Scala trained booster loaded into Python give different predictions

We trained our xgboost model in Scala API, saved the model. Then loaded into Python API, when scoring on the exact same record. The two predicted probability have a huge gap. Scala gives 0.005228, while Python gives 0.01544636. I thought its caused by the index difference (Python starts from 0 while Scala starts from 1), so I inserted a empty column at the beginning of my input data and scored again, still not match. Did anyone else have this issue? Can someone help take a look? Thanks in advance and appreciate your response!

I saw a similar thread on GitHub:

Best,
Wei

Does your data have missing values? If so, how are they represented?

No missings. Numerical missing was already imputed as -999999. Categorical missing was first imputed as “999999”, then did StringIndexer and OneHotEcoder. The data preparation pipeline is in Scala, ONLY final prepared data was converted to Python DMatrix.

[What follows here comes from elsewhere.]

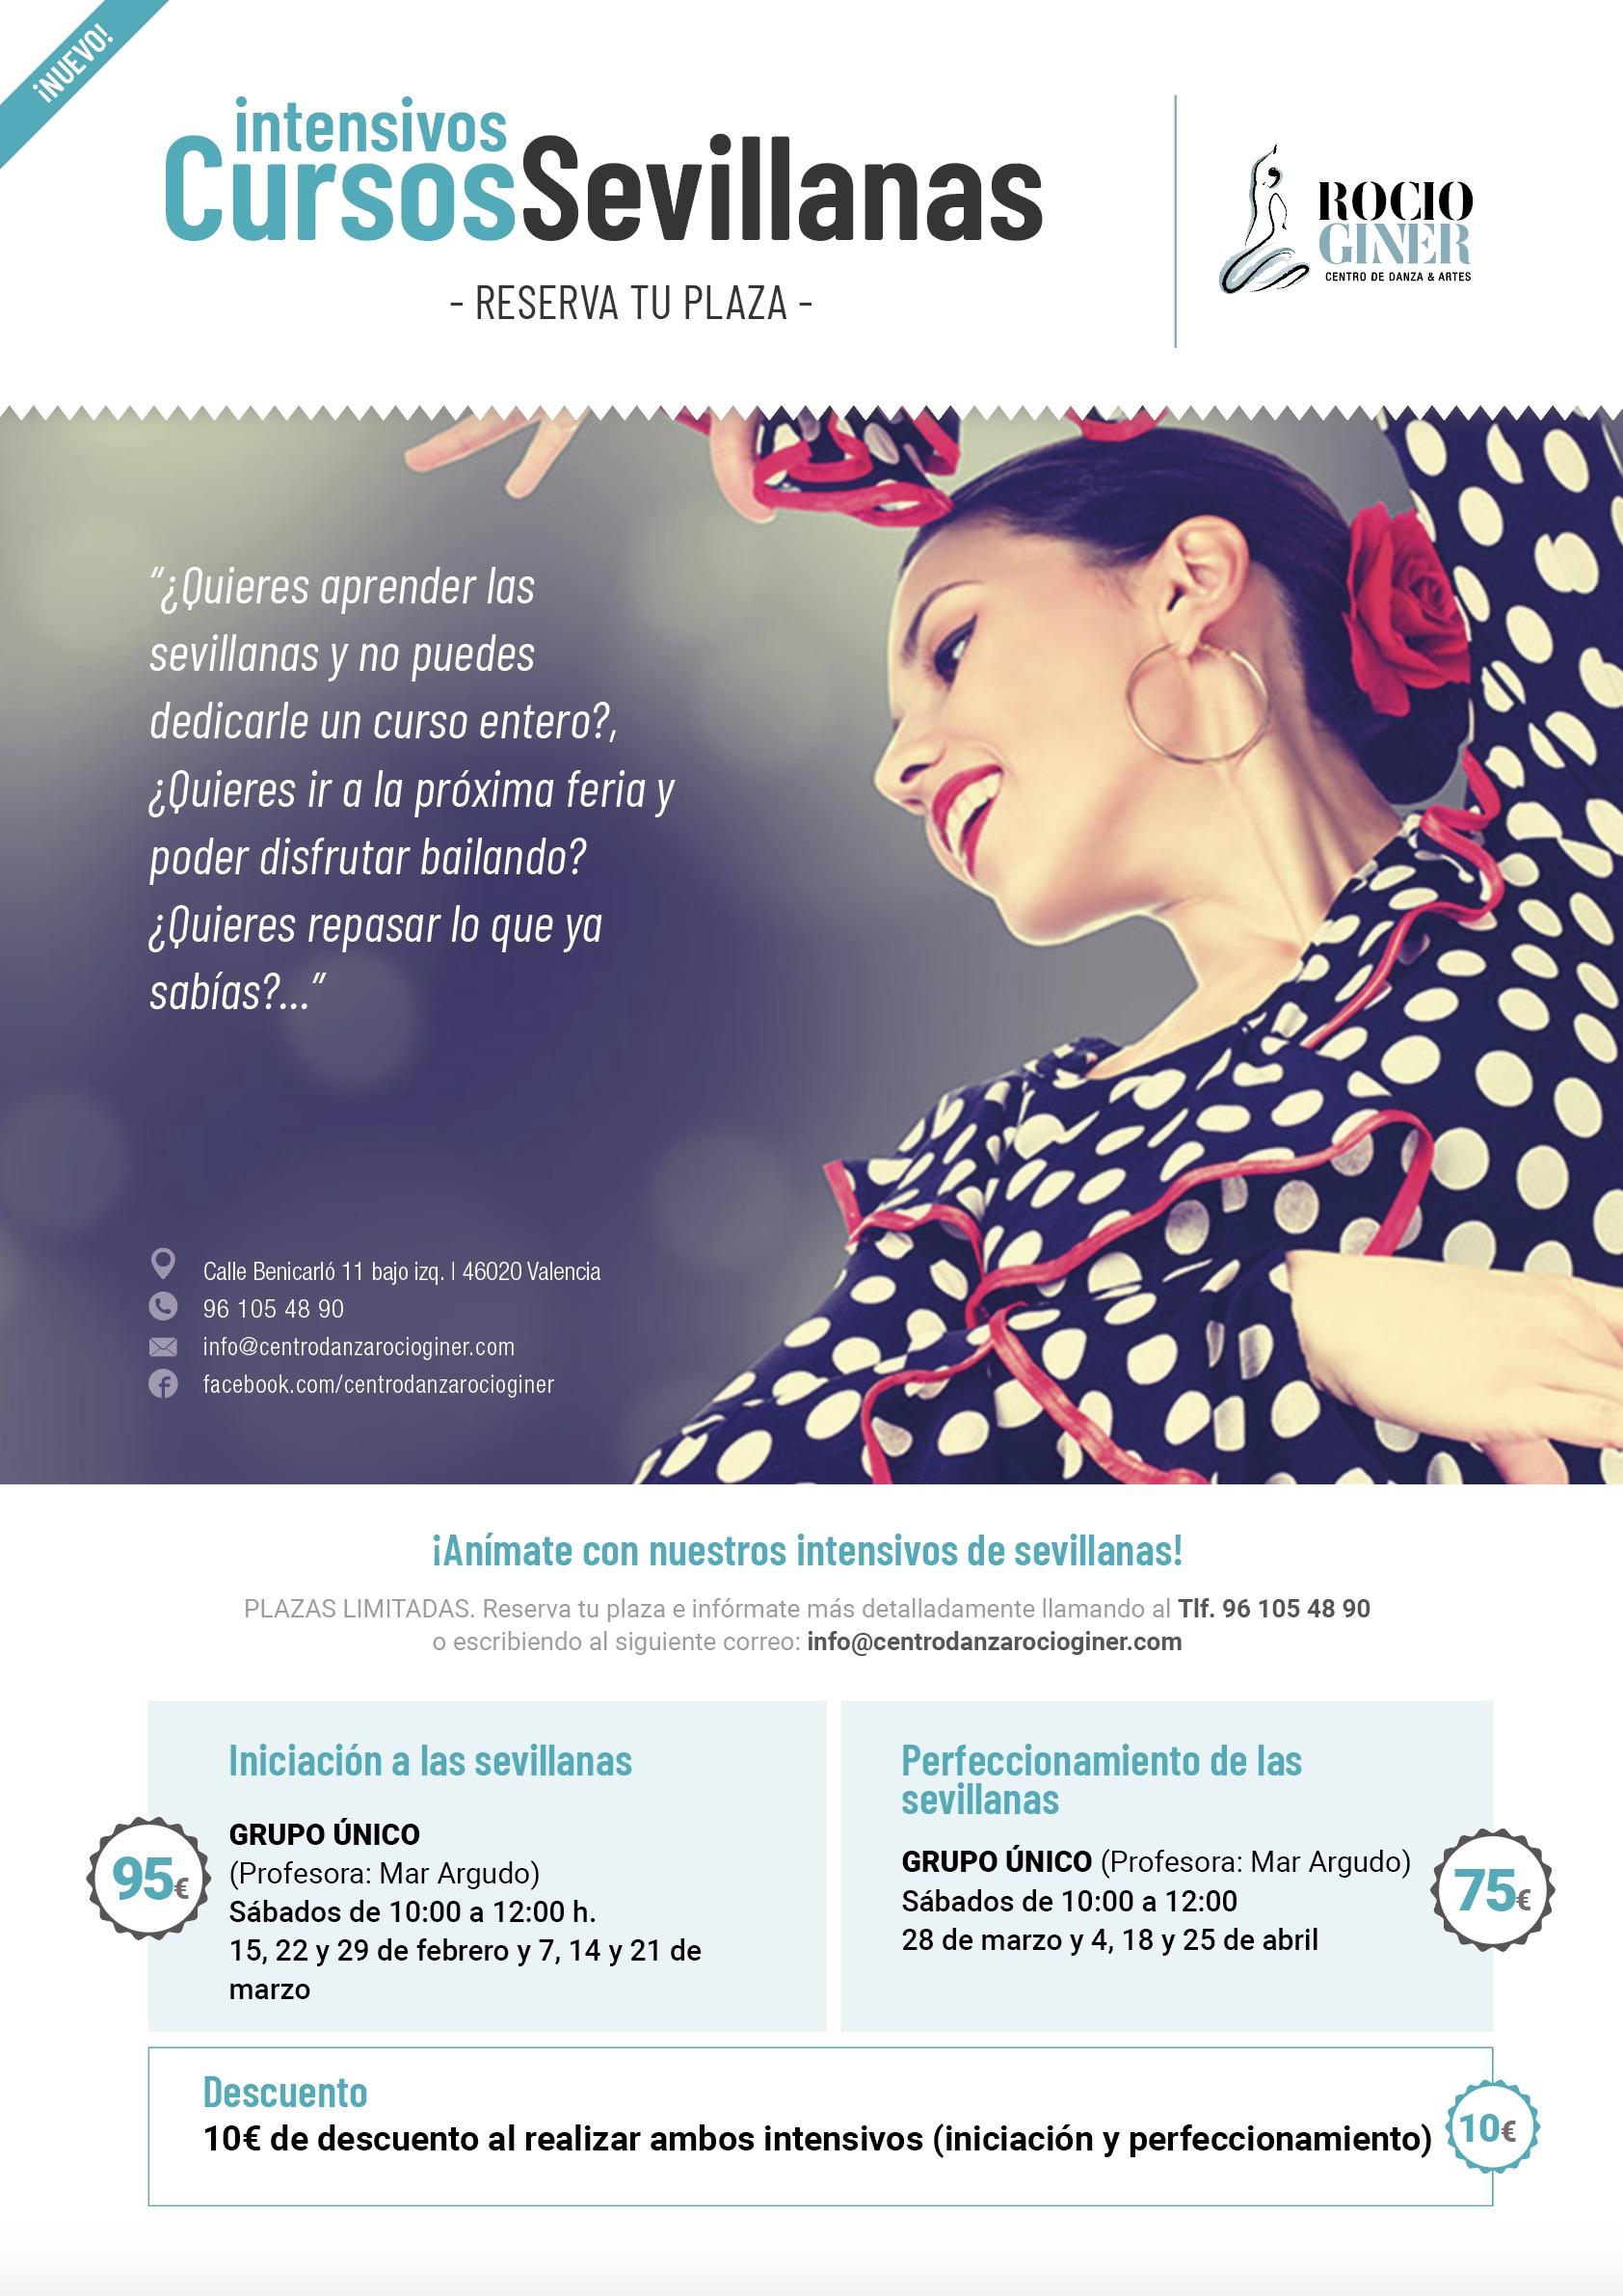 cursos sevillanas en Valencia

Thanks Philip! You are right about Missing value representation. I manually scored a record. The difference is mainly caused by the different interpretations of missing from Scala API and Python API… Still investigating into this…

Best,
Wei

Yes, missing values can cause a lot of headaches. There is a proposed tutorial to clarify how to handle missing values: https://github.com/dmlc/xgboost/pull/4425. Can you look at it and see if it helps? Feel free to leave feedback to the proposed tutorial.